FIG. 3 and FIG. 4 respectively show a control circuit diagram according to a second embodiment of the present invention and a wave diagram of voltage, armature current and speed according to the second embodiment of the present invention. As shown in the diagrams, under larger load, transistors will have serious power loss problems. Parts of power will be transferred into heat and be depleted. Since the motor 4 is an inductance load, the current passing through the armature will not drop down to zero immediately when the control voltage V i of the transistor becomes zero, resulting from the physical characteristic in which current always changes continually. For example, it will reduce constantly along with a specific time constant. Similarly, when V i suddenly increases, I a will rise constantly along with a specific time constant, therefore, by inertia of the motor, the motor 4 will not promptly stop or transiently operate. As shown in FIG. 4 , the current of the motor 4 can be controlled by directly adjusting the pulse width of the input control voltage to further dominate operation of the motor 4 . In addition, the FIG. 4 also shows relation between the duty cycle and speed of the input control pulse. The longer the input voltage pulse is, the faster the operating speed of the motor 4 would be, and vice versa.

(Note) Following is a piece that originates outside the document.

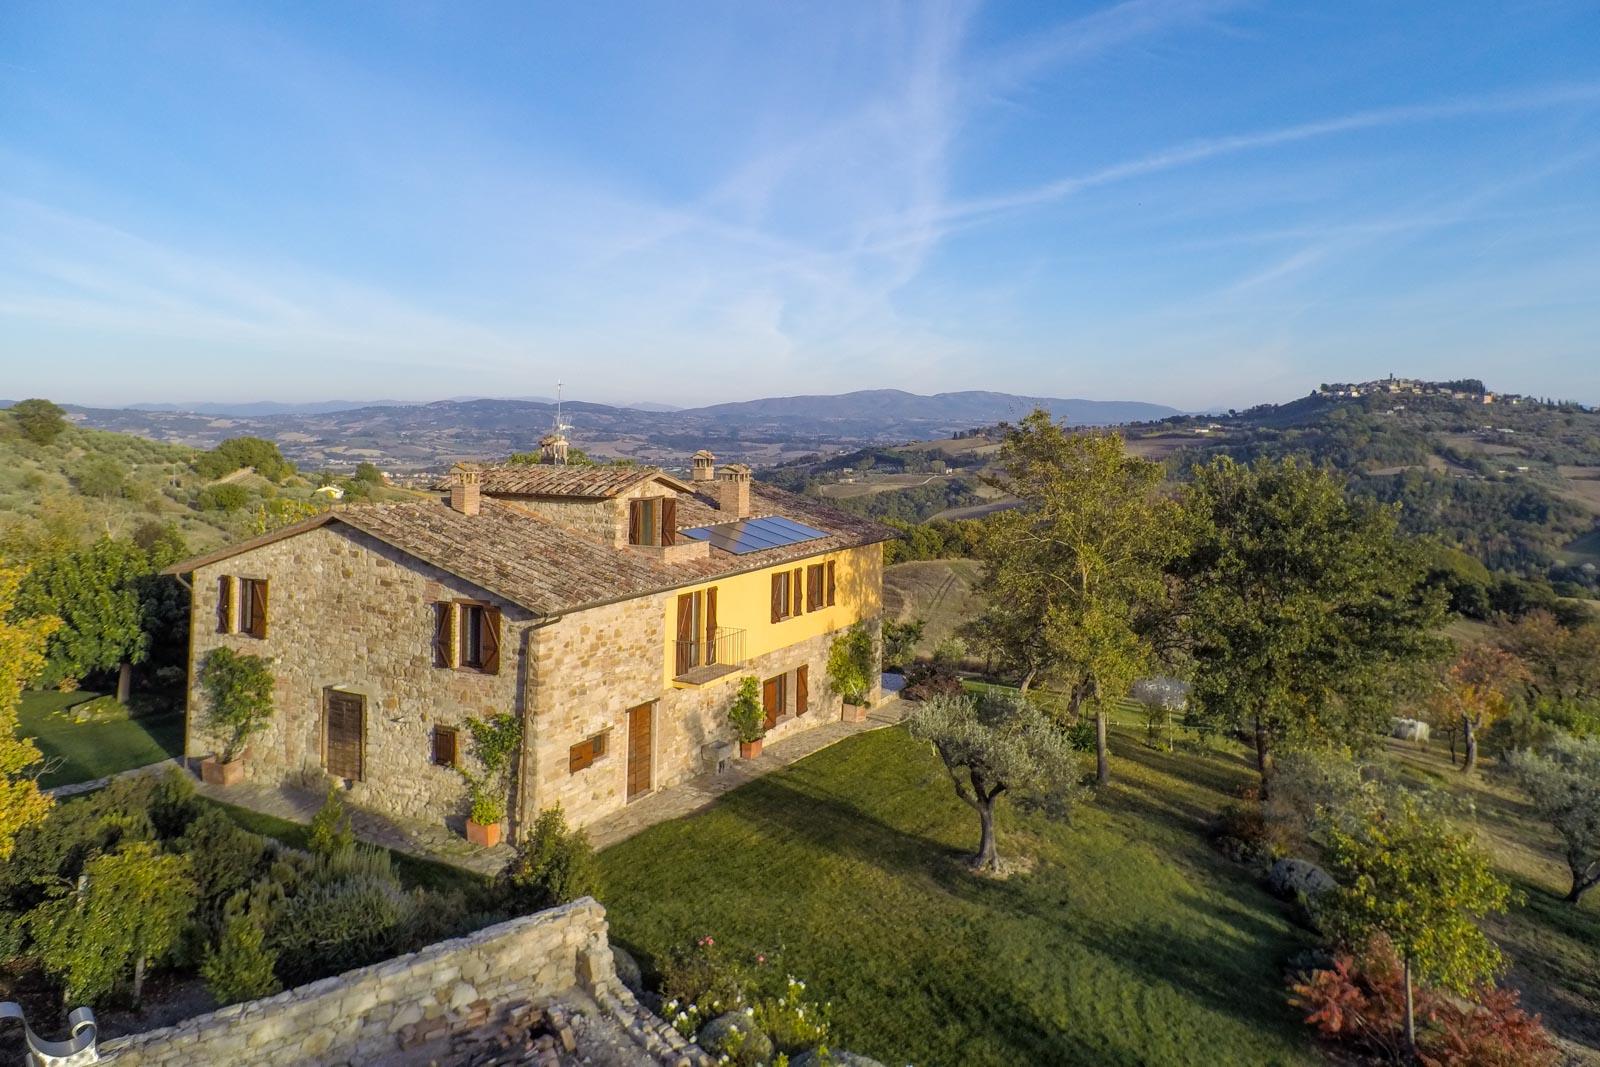 Stilvoll restauriertes Landhaus mit Whirlpool im Freien, in Hügellage mit herrlichem Blick in der Nähe von Todi

FIG. 5 and FIG. 6 respectively show a control circuit diagram according to a third embodiment of the present invention and a diagram of basic DC converter and corresponding DC motor terminal voltage of the present invention. As shown in the diagrams, to solve the shortcomings of using a relay to control trend, in the third embodiment of the present invention, the basic logic structure is: gathering S 1 with S 3 into a group, S 2 with S 4 into another group when switching. The two groups will operate together and become mutual exclusive for preventing occurrence of short circuits. Two rules are described as follows.

(1) The terminal voltage V m of the motor 5 is equal to +V bb when S 1 , S 3 are ON and S 2 , S 4 are OFF. Meanwhile, the motor 5 operates clock-wise.

(2) The terminal voltage V m of the motor 5 is equal to −V bb when S 1 , S 3 are OFF and S 2 , S 4 are ON. Meanwhile, the motor 5 operates underclock-wise.

The above control rules cooperating with the fan driving circuit using a PWM signal of the present invention can efficiently control the motor.

In summation of the foregoing section, the invention herein fully complies will all new patent application requirement and is hereby submitted to the patent bureau for review and the granting of the commensurate patent rights. The present invention may be embodied in other specific forms without departing from the spirit of the attributes thereof; therefore, the illustrated embodiment should be considered in all aspects as illustrative and not restrictive, reference being made to the appended claims rather than to the foregoing description to indicate the scope of the invention.

Claims

1. A fan driving circuit using a PWM input signal for a signal generator electronically connecting to a fan motor and providing power for said fan motor, said signal generator generating a control signal for controlling ON/OFF of said power; which is characterized in that:said signal generator being a PWM circuit, generating a control signal at a buffer period when said fan motor changing phase for controlling phase change; wherein said buffer period has a ratio wave-width within a range from 5% to 30%.